23 Mart 2017 Perşembe

Şuurlu Yaşama Yetisini Korumak İçin Öneriler

 Üzüldüğümüz, sıkıntı duyduğumuz zamanlarda en olumsuz senaryoyu seçer, değersizlik, yetersizlik, yalnızlık ve yabancılaşma temalı düşünceler üzerinden yorum yapmaya ve hareket etmeye başlarız. Başımıza gelenlerle uğraşacağımız yerde bu duygularla uğraşır ve enerjimizi tüketiriz

Beyin, üzerimize gelen bir arabaya da, üzücü anılara ve gelecekle ilgili endişelere de aynı tepkiyi verir. Her iki durumda da bedenin kasılmasını, gerilmesini, kaçmaya ya da mücadeleye hazır duruma gelmesini sağlar.

Daha sakin, şuurlu, huzur dolu, pozitif  bir yaşam sürdürmek için yapılabilecek bazı şeyler...

huzurlu_ve_suurlu_yasamak_icin_oneriler

Her sabah uyandığınızda yataktan kalkmadan önce ve her gece uyumadan önce beş kez derin derin nefes alıp verin. Karın ya da diyafram solunumu olarak bilinen bu teknik ile burundan derin nefes alınır, bu esnada ağız kapalı tutulur, nefes alırken karnın dışarıya doğru yöneldiğini görürsünüz. Nefes birkaç saniye tutulduktan sonra ağızdan yavaşça verilir.

Yeterli dinlenmeyi sağlamak ve zinde kalmak için günde en az 6-7 saat uyuyun. Gün içinde 20-30 dakikalık dinlenmeler faydalı olur, ancak bir saatten daha uzun uykular derin uykuya geçişe ve uyanıldığında da kötü hissedilmeye yol açacağından önerilmez.
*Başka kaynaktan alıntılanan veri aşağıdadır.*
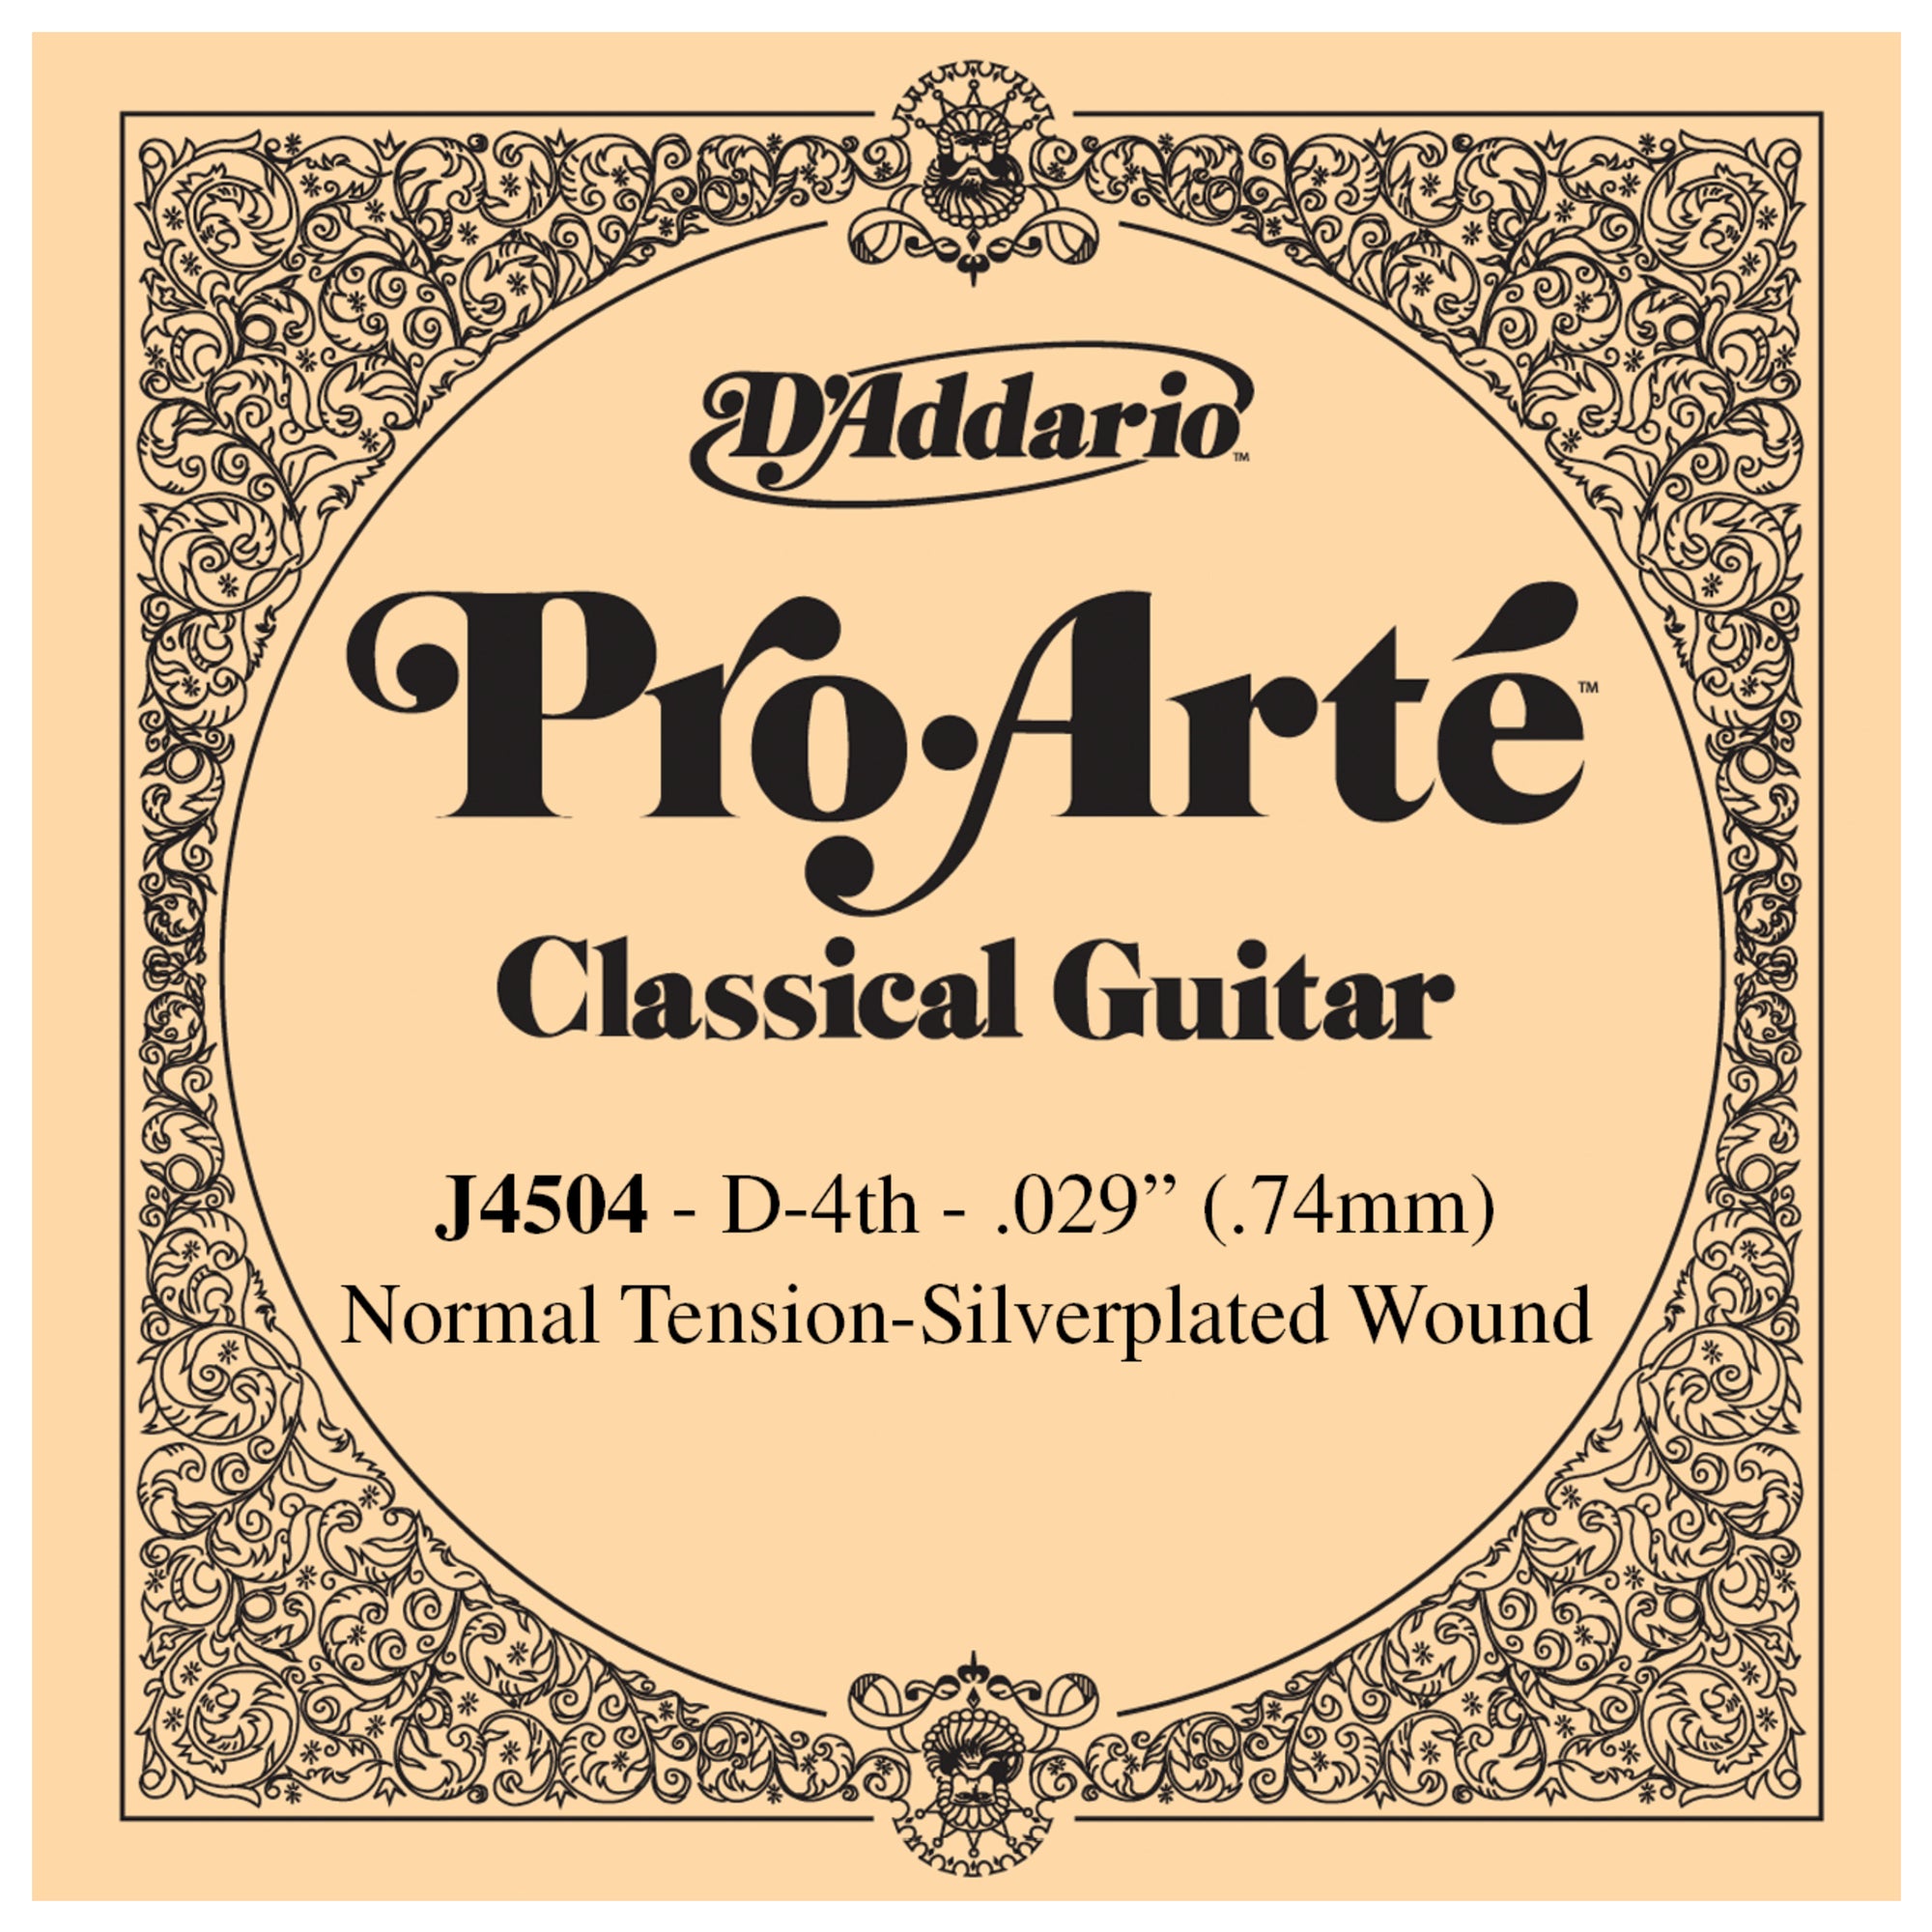 D'Addario J4504 Pro Arte 4th Silver Wound Single Guitar String .029 J4504

Bir yerimiz ağrımadığı sürece bedenimize pek dikkat etmeyiz. Yatarken, otururken, ayaktayken ya da yürürken bedeninizin duruşuna dikkat edin. 

Bir şey yer ya da içerken birkaç saniyeliğine durup kokusunu, tadını, görüntüsünü fark edin.

Nasıl konuştuğunuza ve dinlediğinize bir bakın. Konuşurken sesinizdeki tonlamaları fark etmeye çalışın. Onaylama ya da hoşlanma kaygısı duymadan ya da sıra size geldiğinde ne söyleyeceğinize dair plan yapmadan karşınızdakini dinleyebiliyor musunuz?

Mümkün olduğunca işleri teker teker halletmeye çalışarak ya da daha fazla işle uğraşmaktan kaçının. Böylelikle temponuzu düşürerek yaşadığınız anı yavaşlatma fırsatını bulmuş olursunuz. Aynı anda iki ya da daha fazla işle uğraşmaktan kaçının. Böylece temponuzu düşürerek yaşadığınız anı yavaşlatma fırsatı bulmuş olursunuz.

Endişe etmemeyi başaramıyorsanız, her gün 20 dakikayı endişelerinize ayırın, gerekirse bunu iki kez deneyin. Ama bu süreler dışında kaygılarınızı aklınıza getirmemeye çalışın. 

Önemsiz gibi görünen, sürekli ertelediğiniz bir işi tamamlayın (çalışma masasını, mutfak dolabını temizleme ya da fotoğrafları duvara asma gibi). Bu şekilde küçük çapta da olsa bir fark yaratabileceğinizi, bir etkiniz olabileceğini tekrar hissetmeye başlarsınız. 

Değiştiremeyeceğiniz durumlar hakkında kaygılanmak yerine, hali hazırda yapabileceğiniz işler üzerinde yoğunlaşın.